JENINE: Le 6 septembre au matin, les portables se sont soudainement mis à vibrer à Jénine. Six hommes du coin venaient de réussir l'impensable: s'évader d'une prison israélienne, une "victoire" pour les Palestiniens, écornée depuis par l'arrestation des meneurs de la bande.
"La première heure après l'annonce de l'évasion, nous étions remplis d'espoir. Nous nous disions, +s'il n'a pas été encore arrêté, il restera peut-être libre à jamais+", souffle Abou Antoine, l'oncle de Zakaria al-Zoubeidi, le plus connu des six évadés, qui a été écroué pour des attaques anti-israéliennes.
Zakaria al-Zoubeidi s'était fait connaître lors de la seconde Intifada, le soulèvement palestinien du début des années 2000, comme le leader des brigades des martyrs d'Al-Aqsa, la branche armée du parti laïc Fatah, dans le camp de Jénine, l'un des bastions de la contestation armée.
A Jénine, les posters décatis des "martyrs" de l'Intifada collent toujours aux murs comme si le soulèvement ici ne s'était jamais affadi. Mais depuis quelques jours, les affiches de nouveaux "héros", bien vivants ceux-là, les côtoient.
Lorsque Zoubeidi et cinq membres du Jihad Islamique, autre grand groupe armé palestinien de Jénine, se sont évadés de la prison israélienne de Gilboa -- via un tunnel creusé sous l'évier d'une cellule et débouchant à l'extérieur du pénitencier dans un scénario quasi hollywoodien --, Jénine a explosé de joie.
Et comme les fugitifs n'ont pas été attrapés sur le champ, les espoirs ont pris de l'ampleur, certains à Jénine les imaginant traverser la frontière avec la Jordanie voisine, pour ensuite pousser en Syrie, pays ennemi d'Israël.
Mais vendredi soir, de premiers espoirs ont été douchés lorsque deux des fugitifs, Mahmoud Abdullah Ardah, et Yaqoub Qadri ont été arrêtés par la police israélienne à Nazareth, suivi le lendemain matin par Zakaria al-Zoubeidi et Mohammad Ardah.
Papi et la résistance
"Cette évasion était et demeure une victoire pour les Palestiniens, mais avec les arrestations la victoire n'est pas complète. C'est comme un match de foot, nous avons gagné, mais le score final est plus serré que nous l'espérions", témoigne l'oncle de Zakaria al-Zoubeidi.
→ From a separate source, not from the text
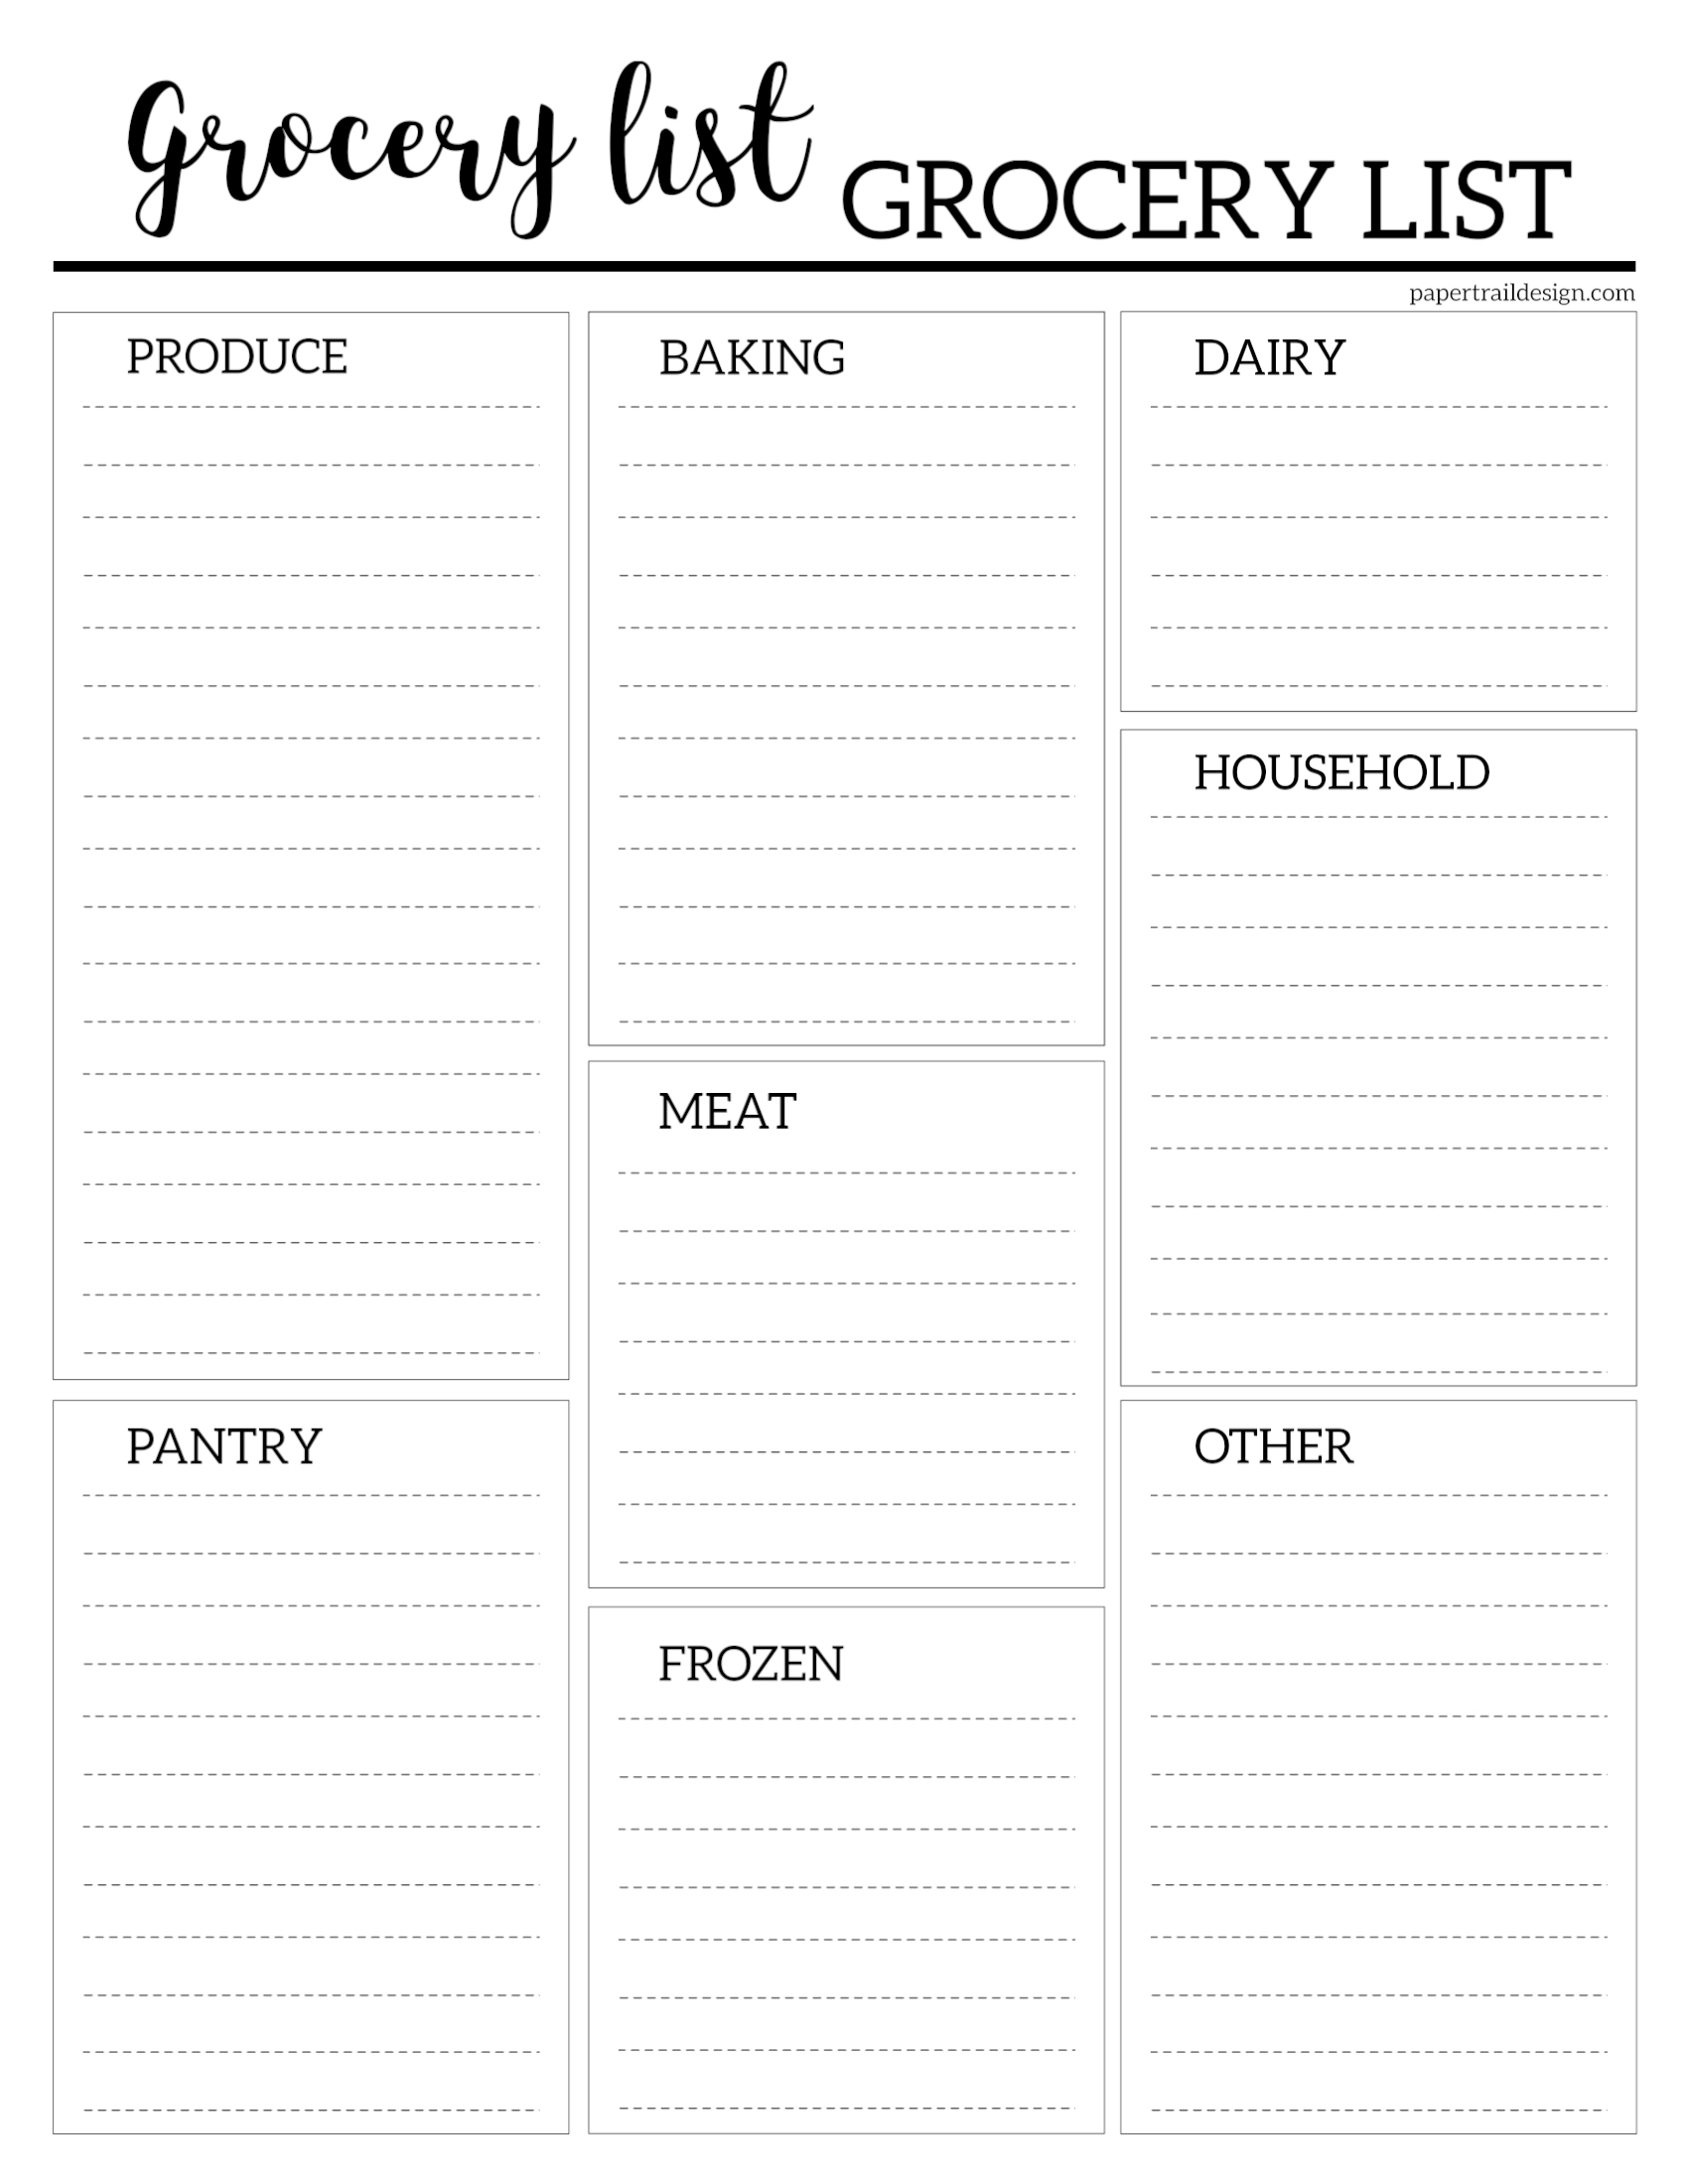 Free Grocery List Printable - Paper Trail Design

Il raconte que le grand-père maternel s'était déjà échappé de la prison de Shata, ancêtre de celle de Gilboa. C'était à l'été 1958. Aujourd'hui, sur des groupes WhatsApp, des coupures de presse de l'époque, en arabe et en hébreu, s'échangent pour attester de la "gloire" familiale.
D'autres images tournent sur les réseaux. Celles photoshoppées des quatre fugitifs retrouvés, les présentant non pas abattus mais souriants pour bien tenter de marquer les esprits avec un mot: "intisar", la "victoire".
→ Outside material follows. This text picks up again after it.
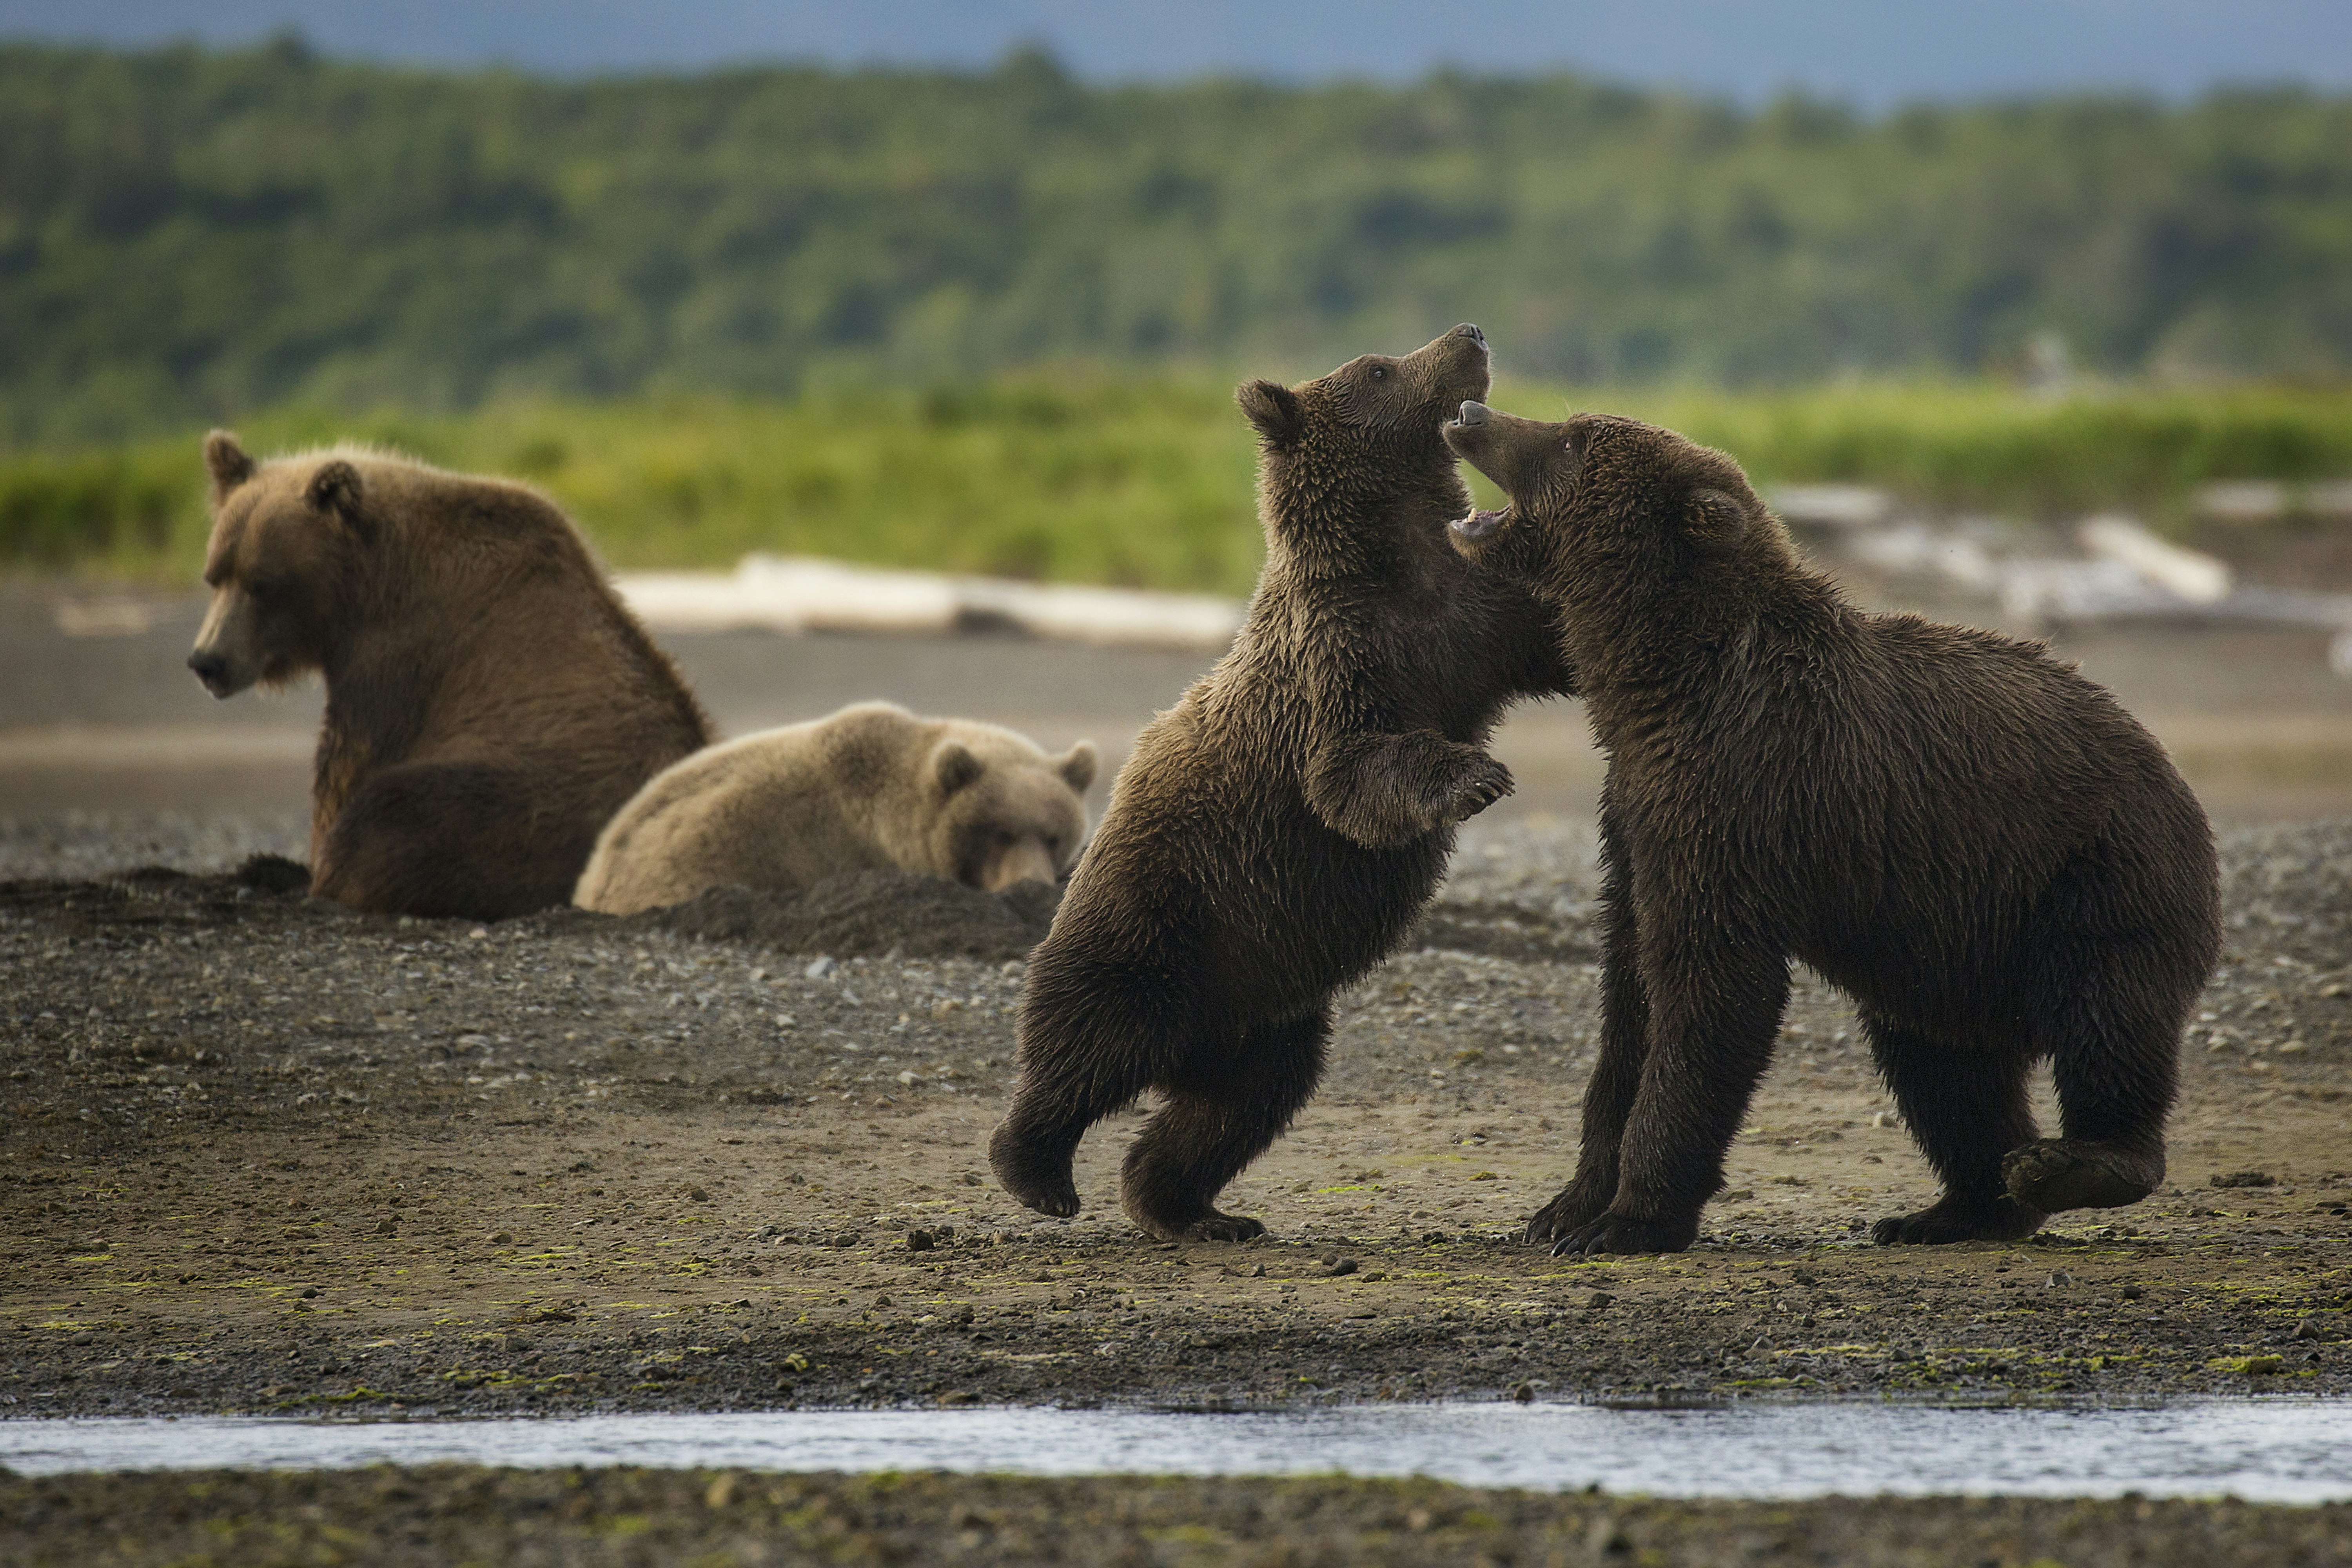 Bears jump up against each other as two more watch from behind. National Parks: The best free things to do in the US parks

Agé de 20 ans, Ahmed, lui, s'époumone dans les rues de Jénine pour rendre gloire à ces prisonniers palestiniens "qui ont déjoué l'armée la plus technologique de tout le Moyen-Orient".
"Quand ils se sont évadés, j'étais euphorique (...) mais avec les arrestations nous devons lutter contre nous-mêmes pour maintenir ce sentiment vivant".
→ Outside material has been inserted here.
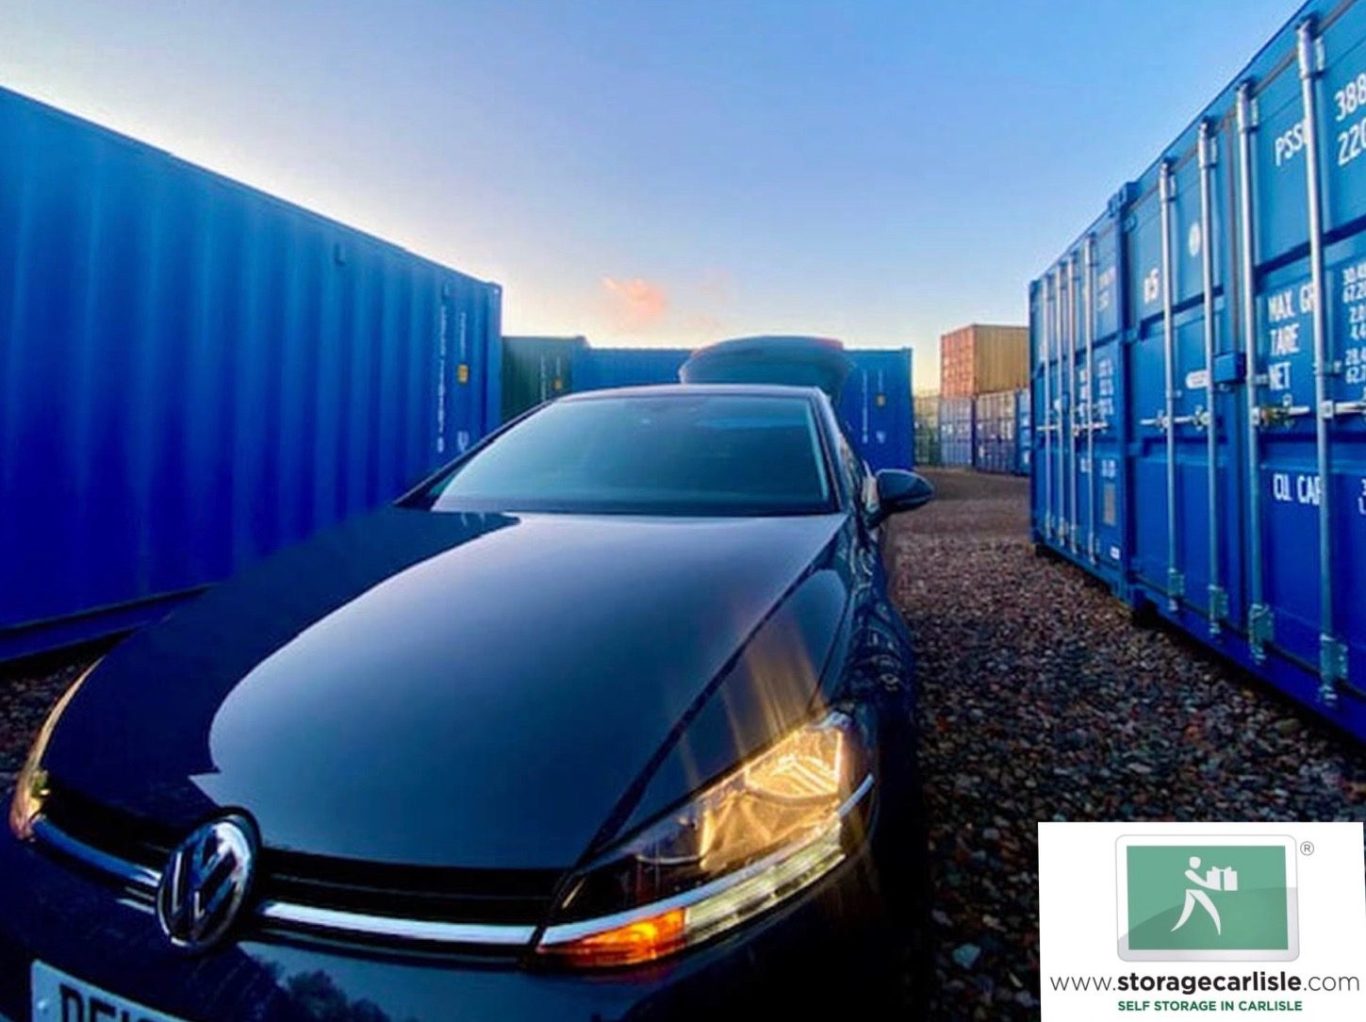 shipping container depot full of storage units with a car parked in the foreground

La chaîne du Jihad islamique, Falestine al-Youm (La Palestine aujourd'hui) diffuse en boucle des hommages aux évadés en mettant au premier-plan Mahmoud Abdullah Ardah, qui a passé les 25 dernières années de sa vie en prison pour son rôle dans des attaques contre l'Etat hébreu, et considéré comme l'architecte de l'évasion.
"Cinq jours de liberté"
Dans le village d'Arrabah, à la sortie de Jénine, une affiche géante de ce combattant orne la maison familiale. Dans le salon, sa mère, vêtue d'un hijab couleur muguet, a les yeux rivés sur Falestine al-Youm.
Lorsqu'il s'est évadé, "je dansais de joie (...) j'espérais qu'il ouvre la porte de la maison pour me voir", raconte-t-elle. Mais rien.
Un frère de Mahmoud Ardah, Mohammad - à ne pas confondre avec un évadé du même nom -, a été contacté par un officier du renseignement israélien.
"Il m'a dit: +si Mahmoud rentre à la maison, laisse-le embrasser sa mère, puis appelle-nous pour que nous allions l'arrêter+. J'ai répondu: +non, je ne vous appellerai pas+".
Mais la situation ne s'est pas présentée. Le fugitif a été arrêté sans résistance à Nazareth après cinq jours de cavale.
"Je n'arrivais pas à le croire, j'étais triste mais je me suis dit qu'au moins il était toujours en vie, et que ces cinq jours de liberté, c'est l'équivalent pour lui de 50 ans", confie Mohammad.